• _Work required_
The output is a word-for-word repeat of the listing below, free of images.

• _Data block_
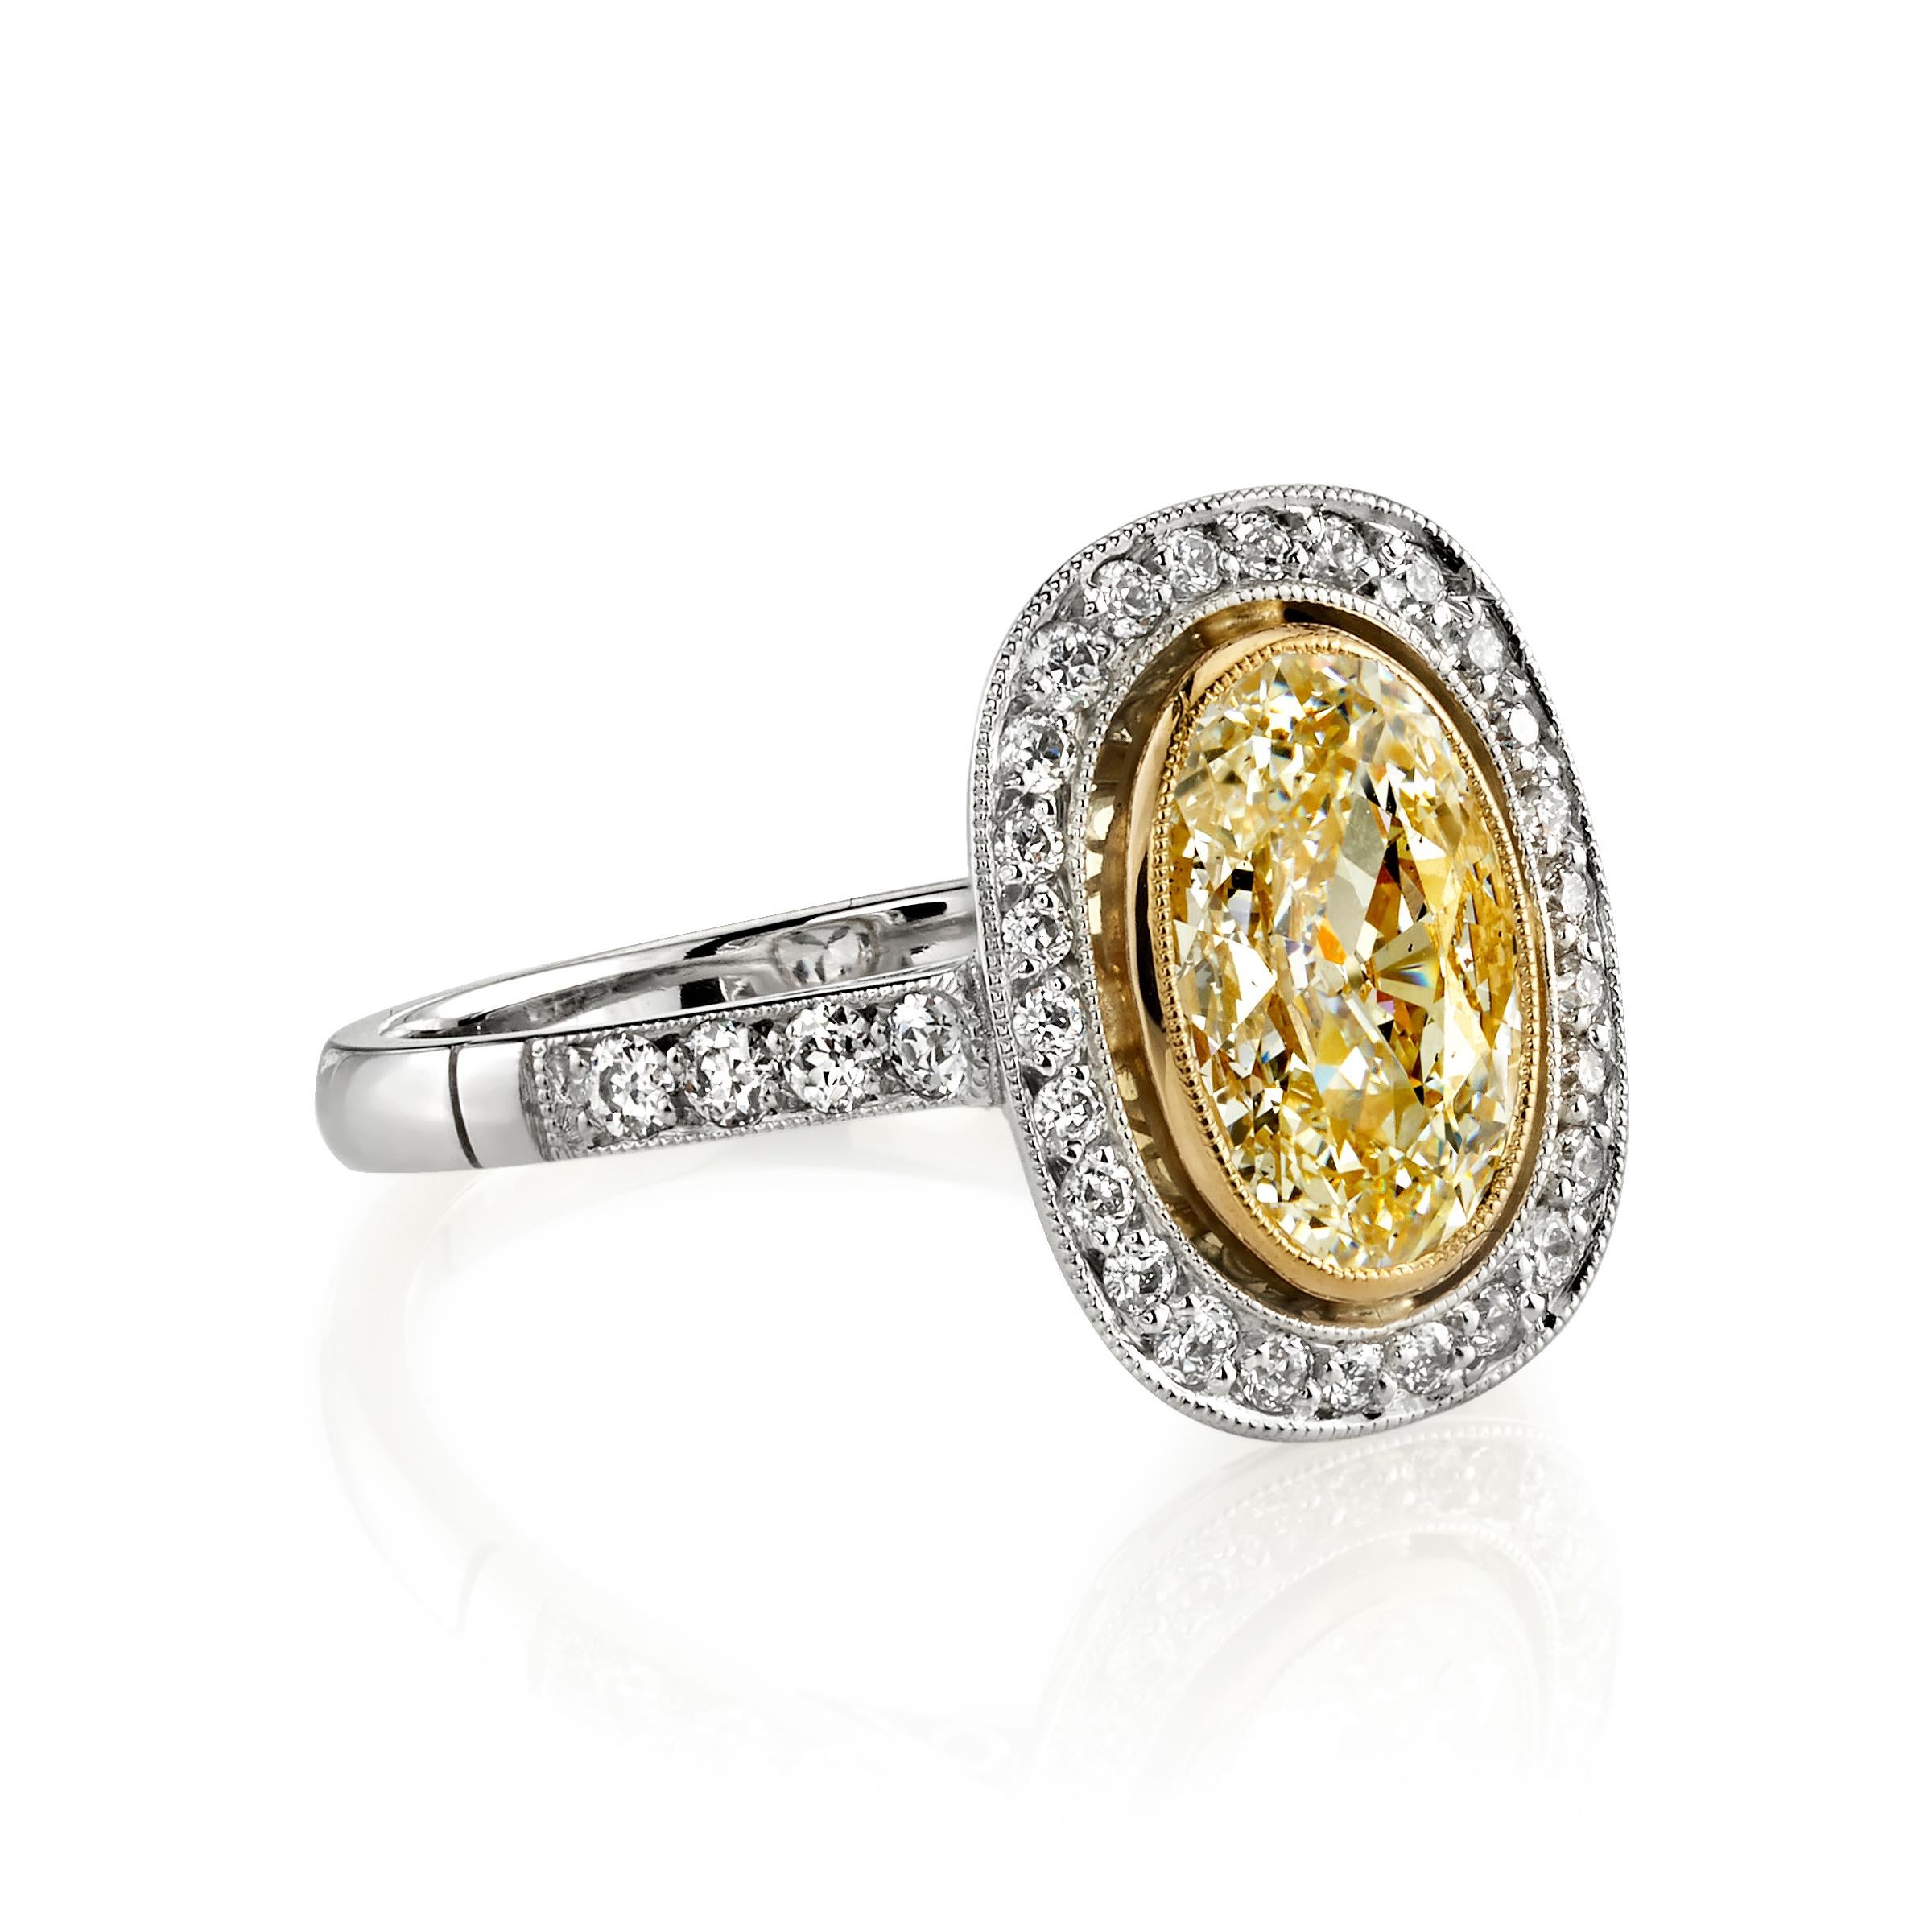 1.34ct H/VS2 GIA certified Oval cut diamond with 0.33ctw accent diamonds set in a handcrafted platinum and 18K yellow gold mounting. Ring is currently a size 6 and can be sized to fit. 
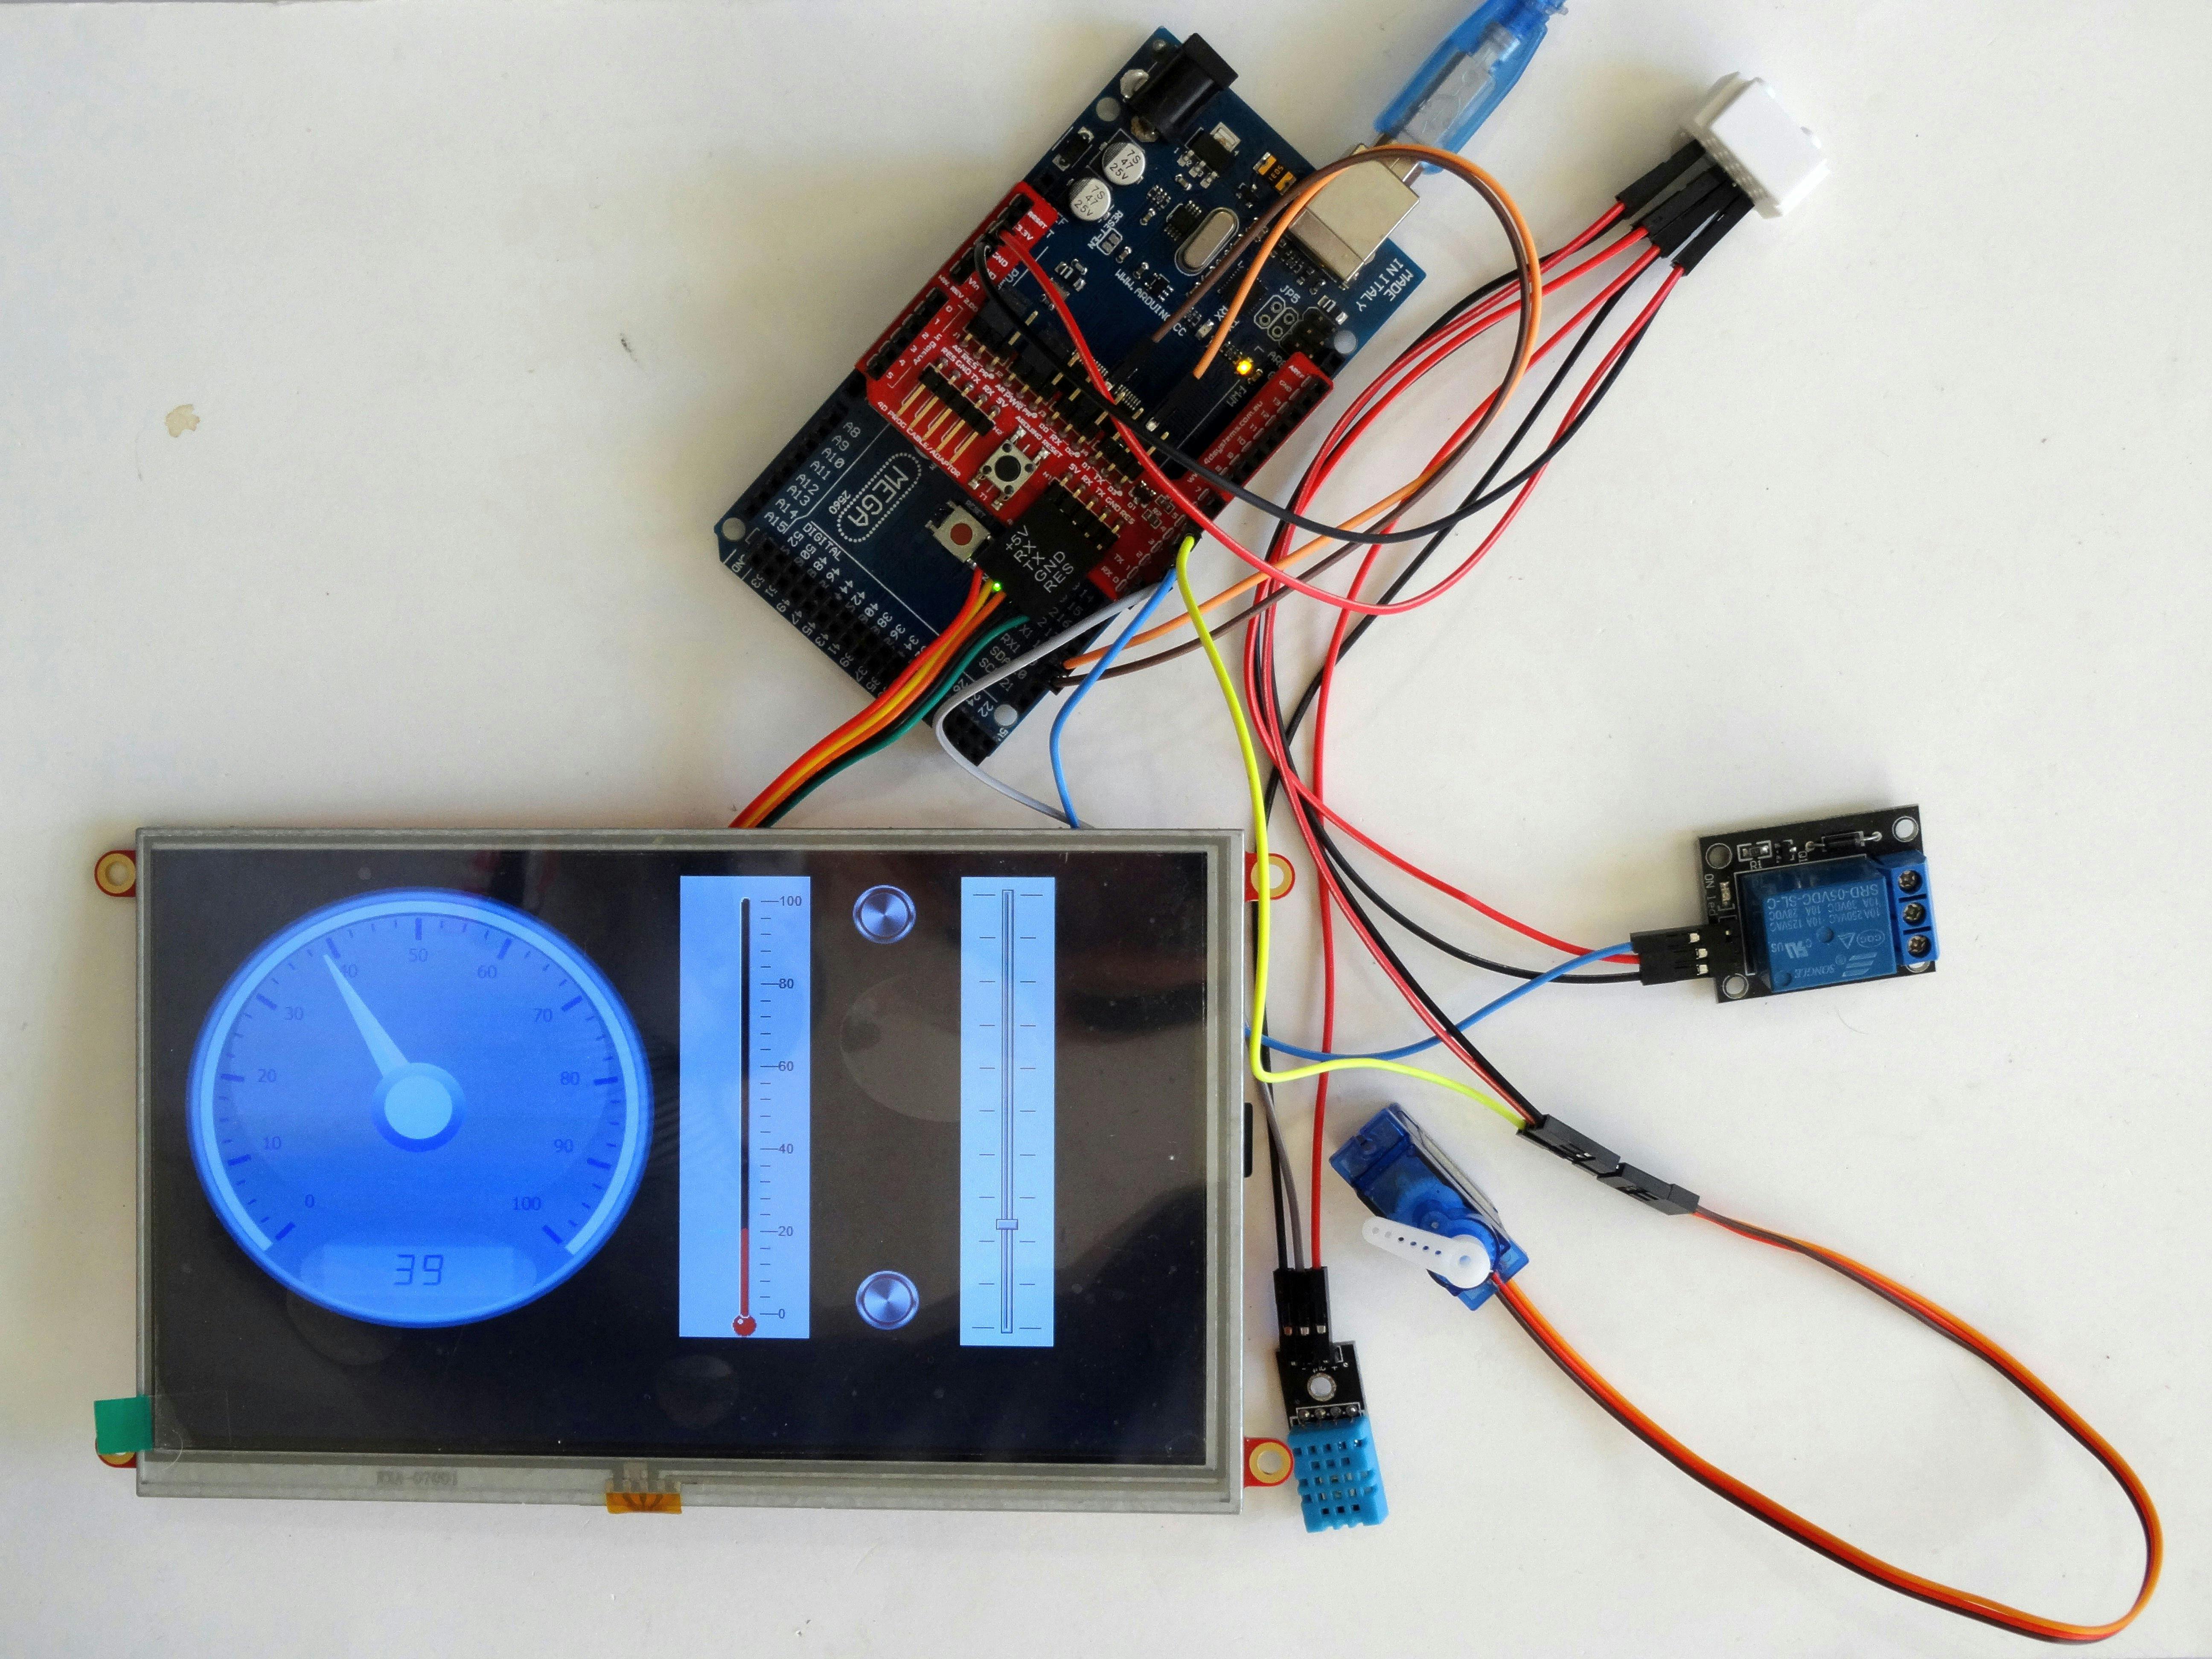 Arduino: Connect 4D Systems ViSi Genie Smart Display - Arduino Project Hub
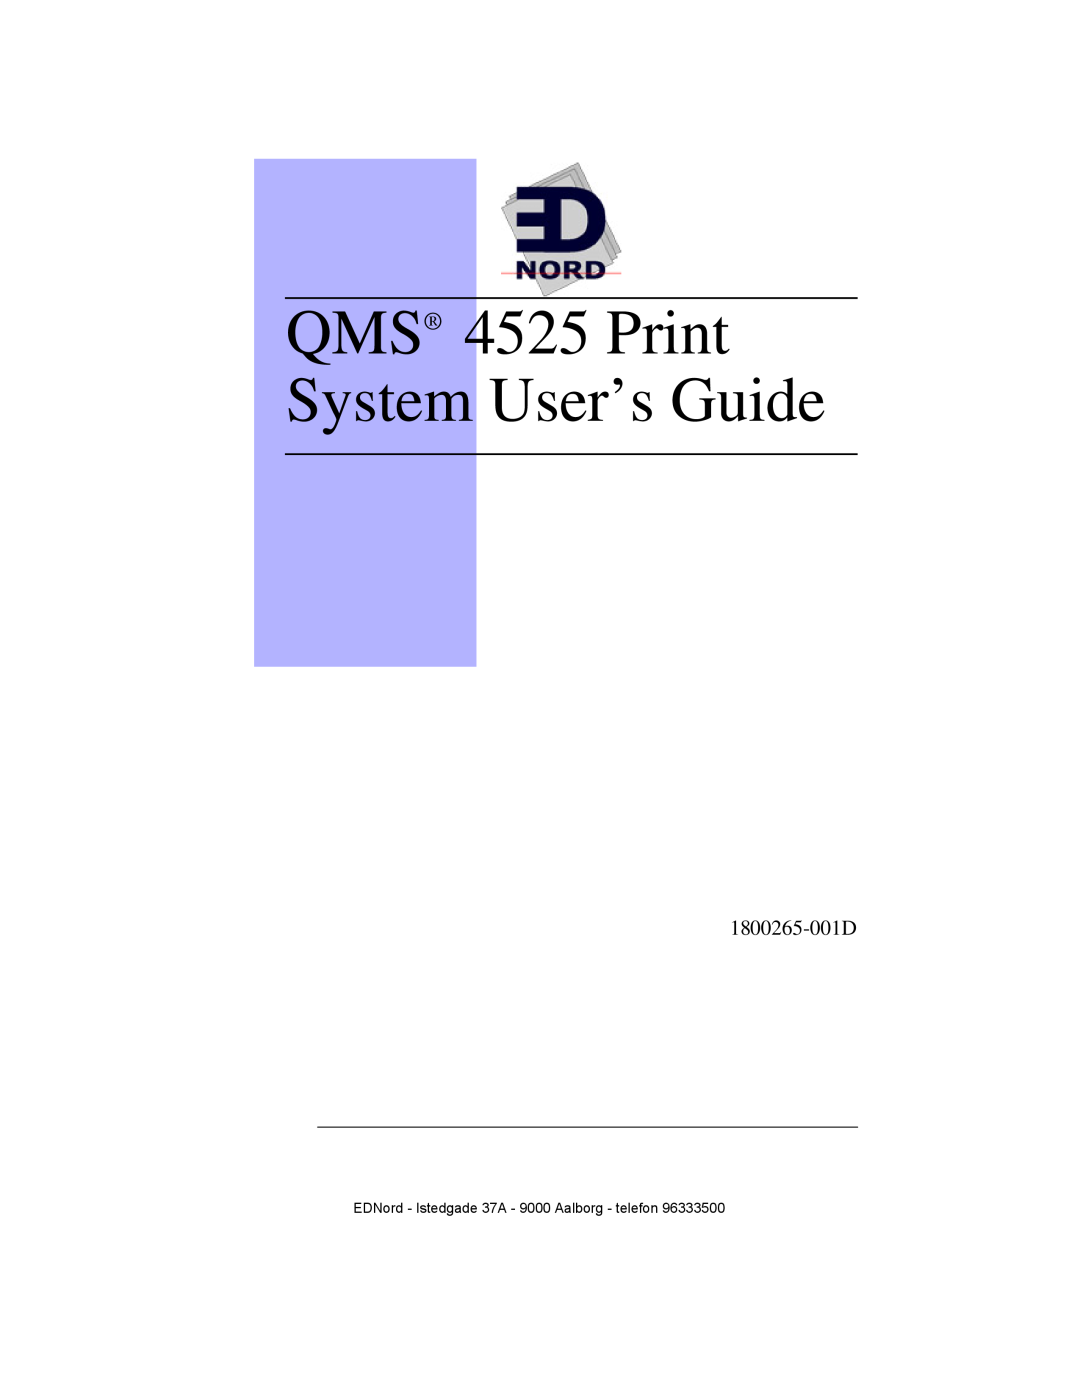 IBM manual QMS 4525 Print System User’s Guide, 1800265-001D, EDNord - Istedgade 37A - 9000 Aalborg - telefon

• _Exercise result_
 1.34ct H/VS2 GIA certified Oval cut diamond with 0.33ctw accent diamonds set in a handcrafted platinum and 18K yellow gold mounting. Ring is currently a size 6 and can be sized to fit. 
 Arduino: Connect 4D Systems ViSi Genie Smart Display - Arduino Project Hub
 IBM manual QMS 4525 Print System User’s Guide, 1800265-001D, EDNord - Istedgade 37A - 9000 Aalborg - telefon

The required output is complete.